Image of the week: Swindon shutdown

The news cameras headed to Swindon in southwest England this week as Honda Motor confirmed that it plans to close its only European factory – the first time the Japanese company has shut down a vehicle plant in its 71-year history. Was the UK’s scheduled departure from the European Union to blame? “This decision is not related to Brexit,” said chief executive Takahiro Hachigo. Industry analysts nevertheless insisted that Brexit could hardly have helped. Near its Swindon assembly plant, on the site of a former Spitfire factory, the company operates two massive Honda Civic warehouses where it can store only enough components for 36 hours of production – what goes in must go out. If a hard Brexit caused border delays, the whole manufacturing edifice would start to look shaky. Either way, some 3,500 jobs have gone

In numbers: Midnight hour

40

Free-trade agreements with 70 countries, including Japan, that the UK currently benefits from as part of its membership of the EU.

12

Percentage of UK trade that these deals represent. They are  due to expire on “Brexit day”, March 29th, despite British trade secretary Liam Fox’s one-time claim that new deals would be ready at “one second past midnight”.

40

Days that it will take the Thalassa Mana cargo ship to travel from the southeast coast of England to Osaka, Japan. It left on Monday and won’t arrive until March 30th, one day after Britain is due to leave the EU, meaning it has no clue of what customs arrangement awaits it when it docks.

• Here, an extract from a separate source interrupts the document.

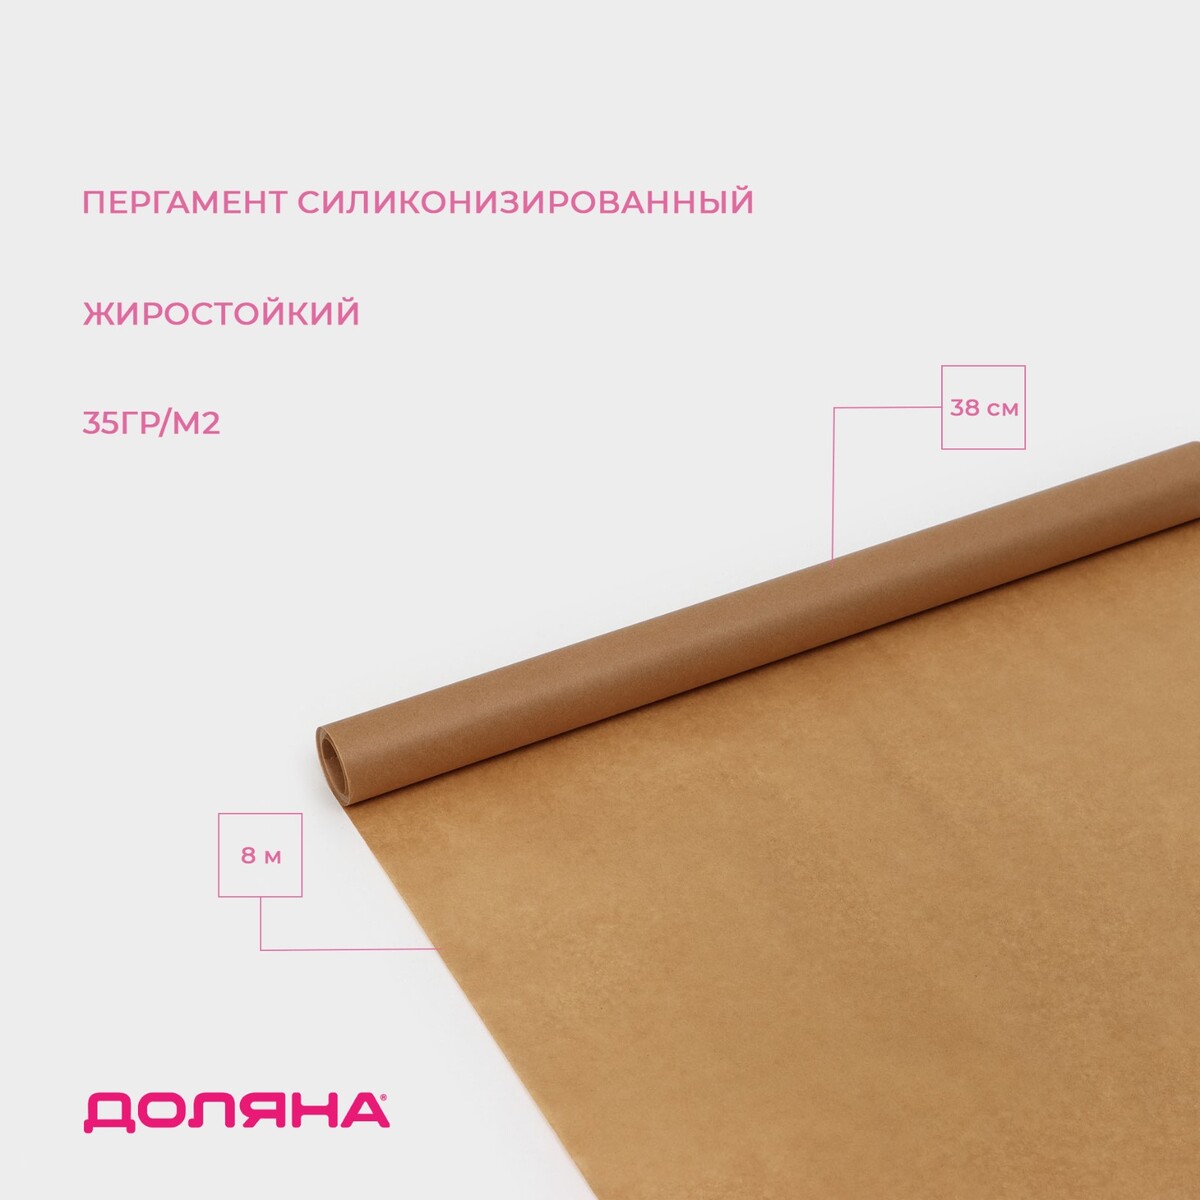 Пергамент силиконизированный доляна, 38 см х 8 м, коричневый, жиростойкий подпергамент силиконизированный

Increasingly vocal UK business secretary Greg Clark. Photograph: Tolga Akmen/AFP/Getty
Increasingly vocal UK business secretary Greg Clark. Photograph: Tolga Akmen/AFP/Getty

Getting to know: Greg Clark

British business secretary Greg Clark (51) is a senior Conservative cabinet minister who has up to now been relatively anonymous. Clark is quietly moderate, which in today’s media culture means he is ignored unless it can be turned into a party in-fighting story. In 2018, for example, he hit the headlines after dismissing his frequently mispronounced colleague Jeremy Hunt’s dismissal of Airbus’s Brexit warnings, insisting that Airbus as a major employer and supporter of employment in Britain was “entitled to be listened to with respect”. Clark’s profile is now rising with every manufacturing industry wobble. Businesses’ fears of a no-deal Brexit are not “project fear” but “project reality” is his latest line. He would quite like a no-deal Brexit to be off the table, but then wouldn’t we all?

The list: reverse gear

Honda isn’t the only company announcing job losses while Westminster is fully occupied by its Brexit pantomime.

1: Jaguar Land Rover. The company, owned by Indian conglomerate Tata, is cutting 4,500 jobs worldwide, the majority of them in Britain.

2: Nissan. Jobs are at risk at its Sunderland plant after it said it wouldn’t manufacture its X-Trail SUV there after all. Brexit uncertainty was part of the reason, it said.

3: Ford. About 1,100 jobs will be cut, most of them at its Bridgend plant in Wales. A majority of Welsh voters, like those of Swindon and Sunderland, backed Brexit in the 2016 referendum.

4: Dyson. The decision to relocate his company’s headquarters from the UK to Singapore has “nothing to do with Brexit”, says James Dyson, which is just as well as he is a prominent Brexiteer.

5: Flybmi. The airline went into administration this week with the loss of 400 jobs. It definitely had something to do with Brexit.